Slesnick's other community leadership included serving as President of Gables Good Government (GGG), a not-for-profit community organization founded in 2009 to encourage transparency and public participation in Coral Gables government, and would lead the group from 2012 to 2015. Slesnick was also active in supporting cultural programming through Actor's Playhouse at the historic Miracle Theatre, where she served as a Board member for twenty years from 1995 to 2015, and supporting art openings. Other roles Slesnick held in South Florida through her public life included serving on the Board of the American Red Cross of South Florida as well as being a Board member of the Junior League of Miami.

In addition to her civic roles, Slesnick was also active in the Coral Gables faith community. She served twice in the leadership position of Senior Warden of St. Philip's Episcopal Church, a part of the Slesnick family's four generations of involvement in the church. Thereafter she remained active in organizing and supporting many of the church's events.

== Political career ==

By the start of the 1980s, Slesnick was widely recognized in South Florida for her engagement in community issues, leading to direct political activism and involvement. Her political career formally began when she first ran unsuccessfully for Coral Gables City Commission in 1983 as a rare woman candidate at the time. Following that race, Slesnick's community involvement continued to deepen, including several cultural and economic leadership positions in the region. One early role following her first campaign was Slesnick's election as a member of the Coral Gables Chamber of Commerce Board of Directors, serving from 1984 to 1987, followed by being elected President of the Junior Orange Bowl Committee in 1989.
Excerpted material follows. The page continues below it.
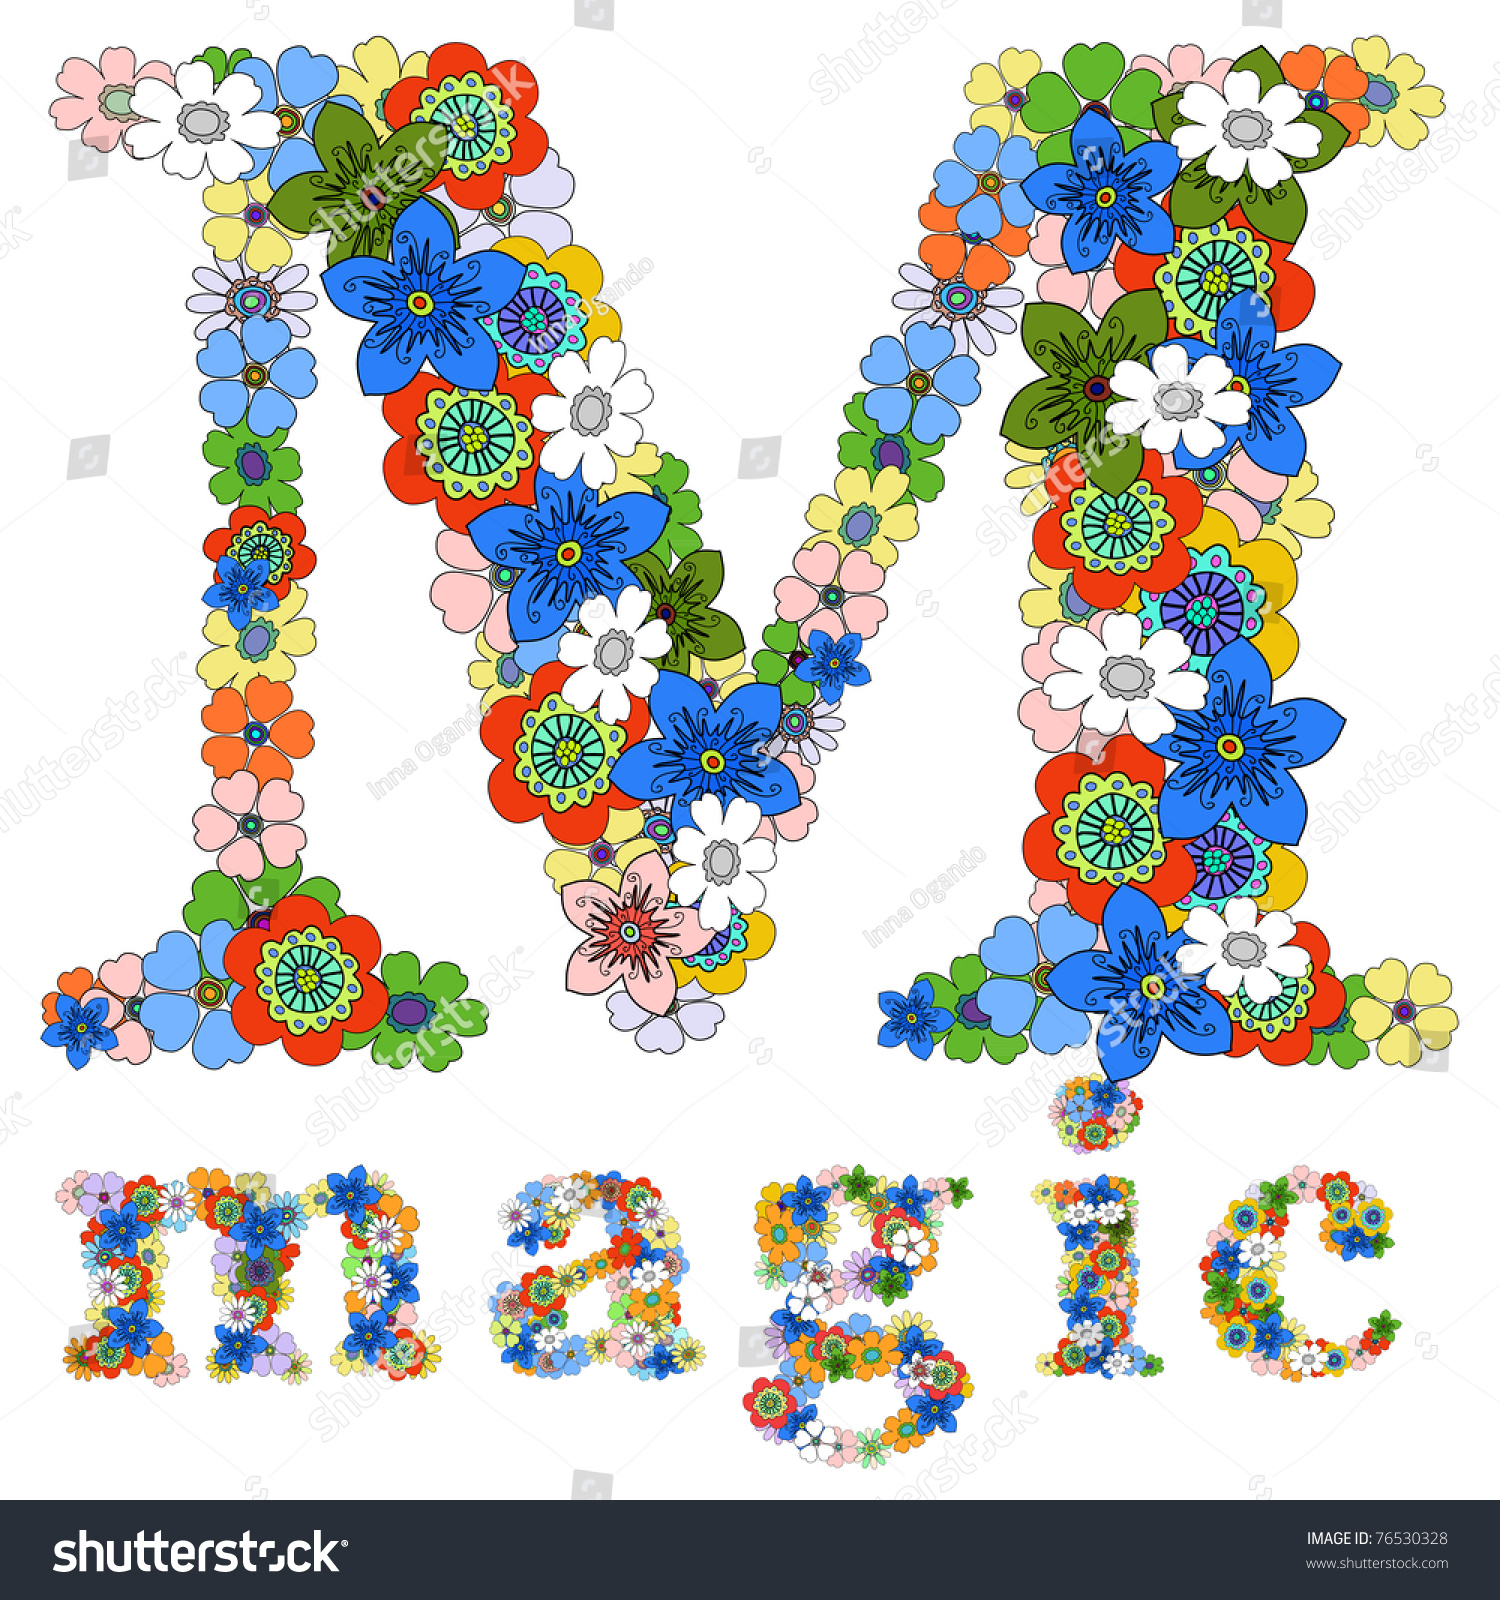 Letter M And Word Magic Floral; Vector. - 76530328 : Shutterstock
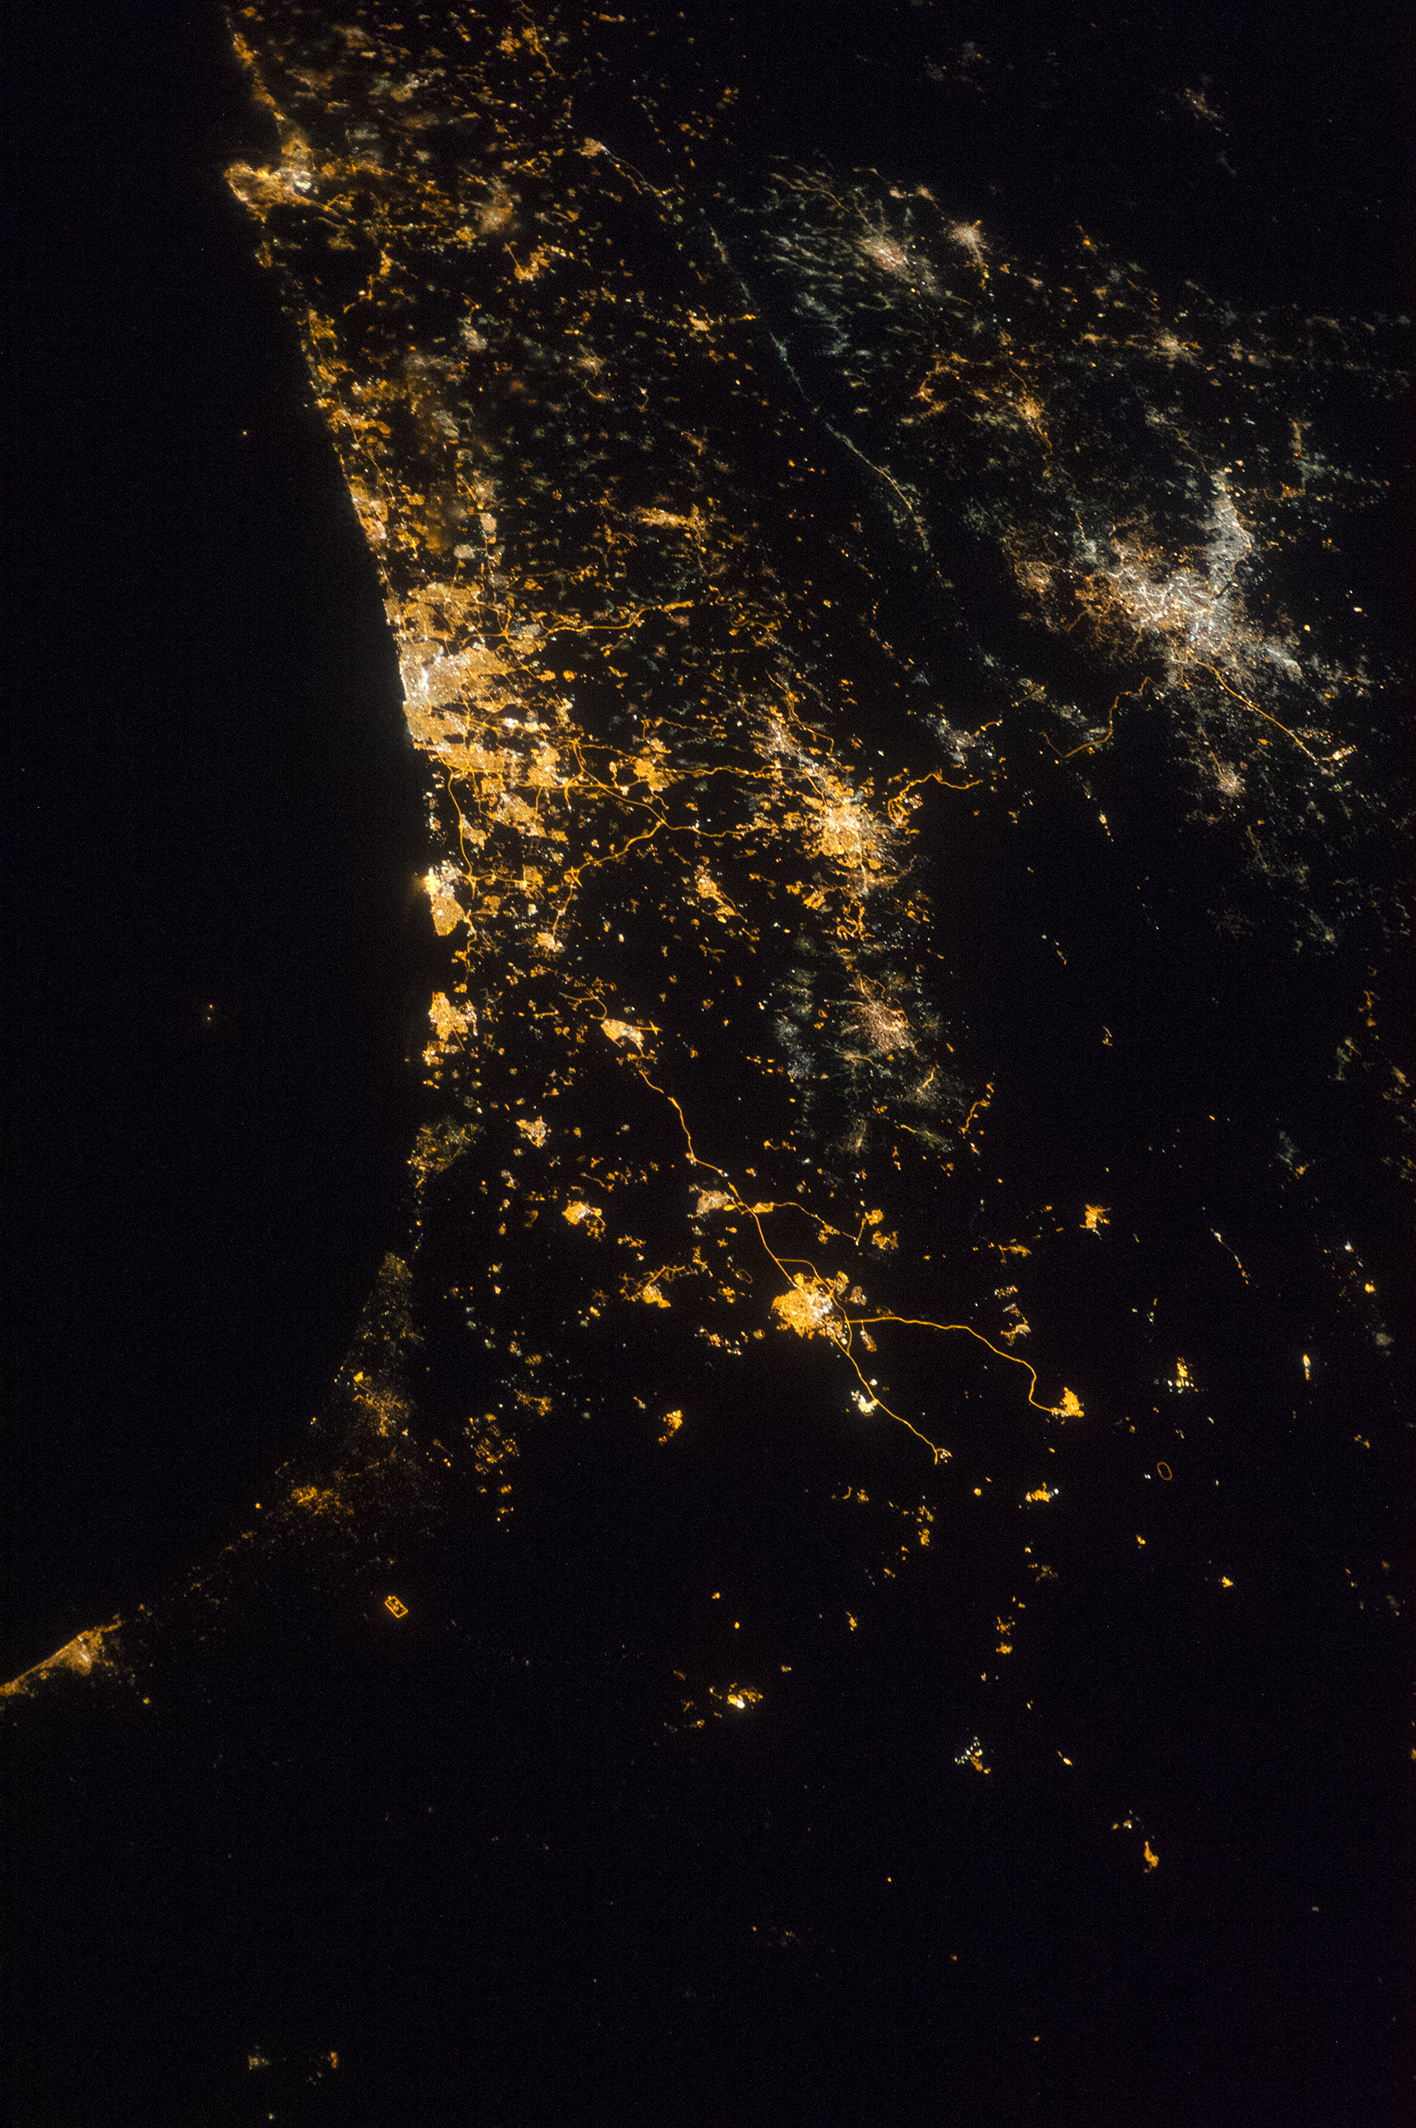 Eastern Mediterranean Coastline at Night - related image preview

As their public profiles expanded through the 1980s and 1990s, Jeannett and Don Slesnick would also increasingly attend events to represent the communities they were active in. Among them, the Slesnicks were invited to meet Queen Elizabeth II and Prince Philip, Duke of Edinburgh of the United Kingdom during a private reception held aboard the Royal Yacht Britannia. The event, which was part of the Queen's trade promotional visit to the United States in May 1991, was also attended by other American dignitaries including former Presidents Gerald Ford and Ronald Reagan, former First Ladies Betty Ford and Nancy Reagan, U.S. Senators Bob Graham and Connie Mack III, and Florida Governor Lawton Chiles. Over the next decade, Slesnick maintained a public profile by continuing to expand her community advocacy into more areas, serve on several additional boards, committees, and foundations, as well as launch her own successful real estate practice.

Beginning in 2001, Jeannett Slesnick reengaged with politics directly when she served as campaign manager for her husband Don's four successful Mayoral campaigns, leading to a record 10 consecutive years as the city's mayor. Following his election as Mayor of Coral Gables, Jeannett was noted as a highly active First Lady from 2001 to 2011. This included joining her husband to represent Coral Gables during several high-profile functions, including welcoming dignitaries such as King Juan Carlos I of Spain and Prince Albert II of Monaco, and as guests at the 2010 White House Christmas Party. Don Slesnick would later credit her involvement as a playing a significant role in his own achievements as mayor.

While serving as Coral Gables First Lady, Slesnick had also continued to advance several initiatives, including starting the Gables-At-Home program with the Coral Gables Community Foundation, an organization in which Slesnick was elected Chairman in 2008. To help ensure the success of the program during its planning stages, Slesnick traveled to Boston to personally study the Beacon Hill Village program as a model. Gables-At-Home would ultimately support a range of senior care-related services including alert systems for accidents and assistance with transportation for doctor's visits. These services were catered to elderly residents who did not live in assisted living facilities and who were at risk of being overlooked. In acknowledging its impact, the program was later described as "vital" by Coral Gables Mayor Vince Lago and the City Commission. Slesnick was awarded the Elder Advocate Award in 2010 by the Alliance for Aging for her work in developing the program and its successful impact on senior residents of Coral Gables.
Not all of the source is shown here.